Inference Engine Selection
- vLLM (recommended): Xiaomi customized vLLM (based on vLLM 0.7.3) supports MTP with optimal performance. Suitable for high performance reasoning needs.
- SGLang: Support for mainstream reasoning, MTP support coming soon. Suitable for rapid deployment.
- Hugging Face Transformers: Suitable for simple testing or local debugging, but does not support MTP.
caveat
- system alert: Empty system tips are recommended for optimal performance.
- hardware requirement: Single GPU recommended (e.g. NVIDIA A100 40GB), CPU inference requires at least 32GB of RAM.
- Assessment setup: All evaluations use
temperature=0.6
AIME and LiveCodeBench use multiple run averages. - Community Support: If you have problems, you can file an issue on GitHub or contact the
mimo@xiaomi.com
The
application scenario
- academic research
The MiMo-7B model is suitable for researchers exploring mathematical reasoning and code generation algorithms. Developers can fine-tune it based on the open-source model to investigate pre-training and reinforcement learning strategies. - programming education
Teachers can use MiMo to generate answers to programming exercises, and students can verify code logic or learn algorithm implementation. - Competition training
MiMo supports AIME and MATH-500 math competition questions for students preparing for math and programming competitions. - AI development
Developers can build customized applications based on MiMo-7B, such as automated code review tools or mathematical solvers.
QA
- What models are available in the MiMo-7B series?
MiMo-7B includes a base model (Base), a supervised fine-tuning model (SFT), a reinforcement learning model trained from the base model (RL-Zero), and a reinforcement learning model trained from the SFT model (RL). the RL version has the best performance. - How to choose an inference engine?
Recommended Xiaomi customized vLLM (support MTP, optimal performance). SGLang is suitable for rapid deployment, Hugging Face Transformers is suitable for simple testing. - How can MTP improve performance?

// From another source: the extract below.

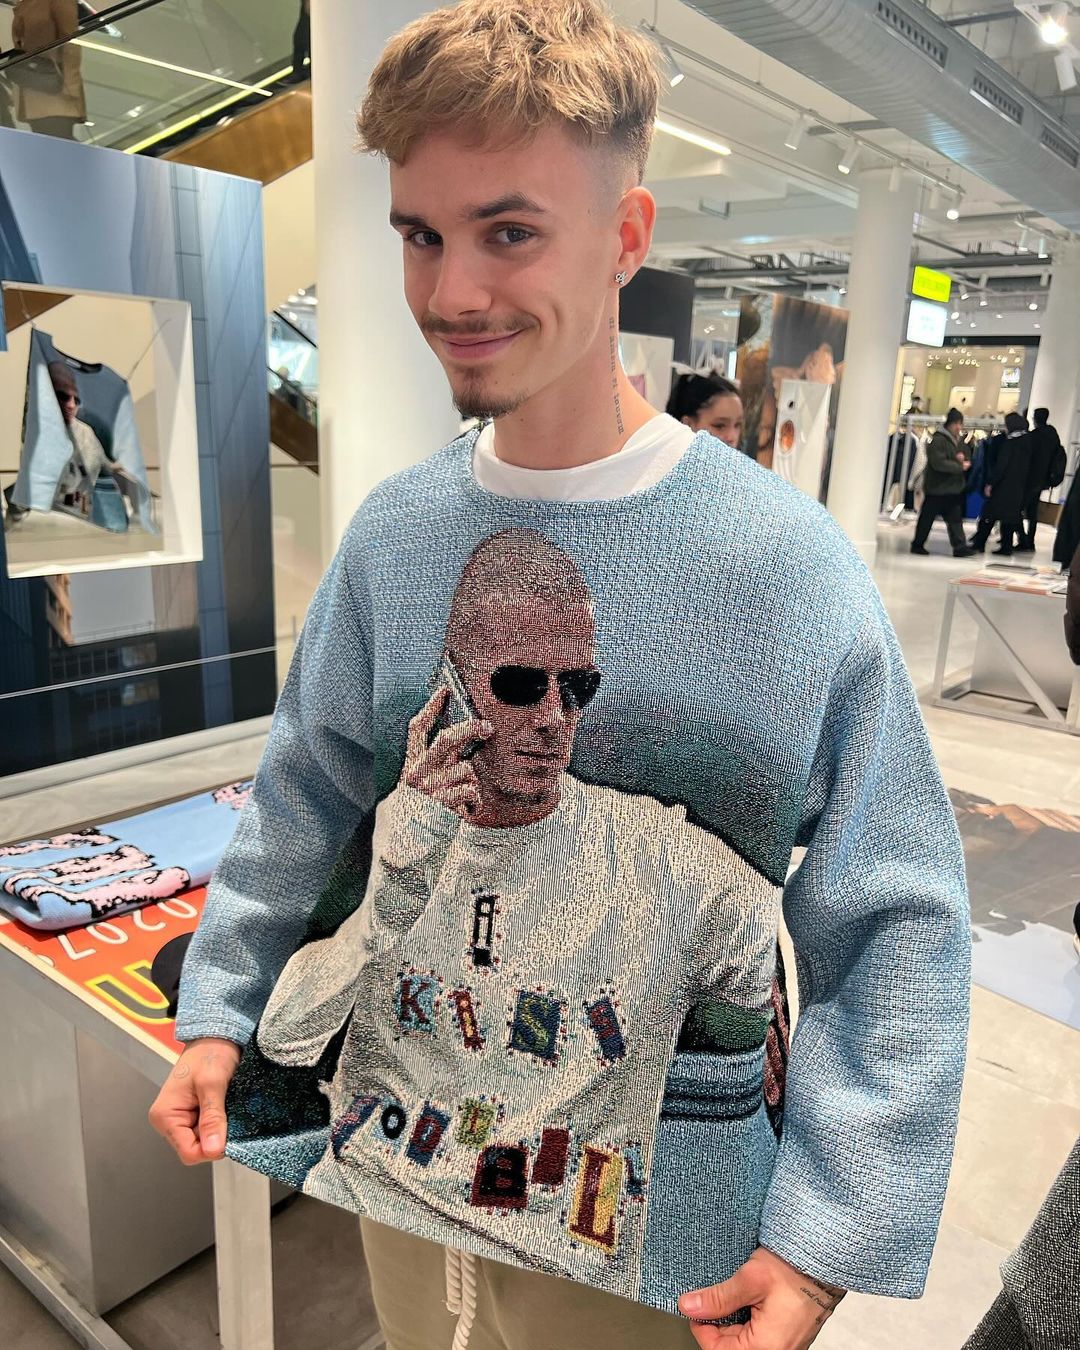 Romeo Beckham u tržnom centru naišao na džemper sa likovima svojih roditelja

MTP is suitable for high throughput scenarios by predicting multiple tokens with an inference acceptance rate of 90%, which significantly improves speed. - Does the model support multiple languages?
MiMo is mainly optimized for math and code tasks, and supports English and some Chinese input, with no explicit support for other languages. - What are the hardware requirements?
A single GPU (e.g., NVIDIA A100 40GB) can run MiMo-7B-RL. CPU inference requires at least 32GB of RAM, but is slower.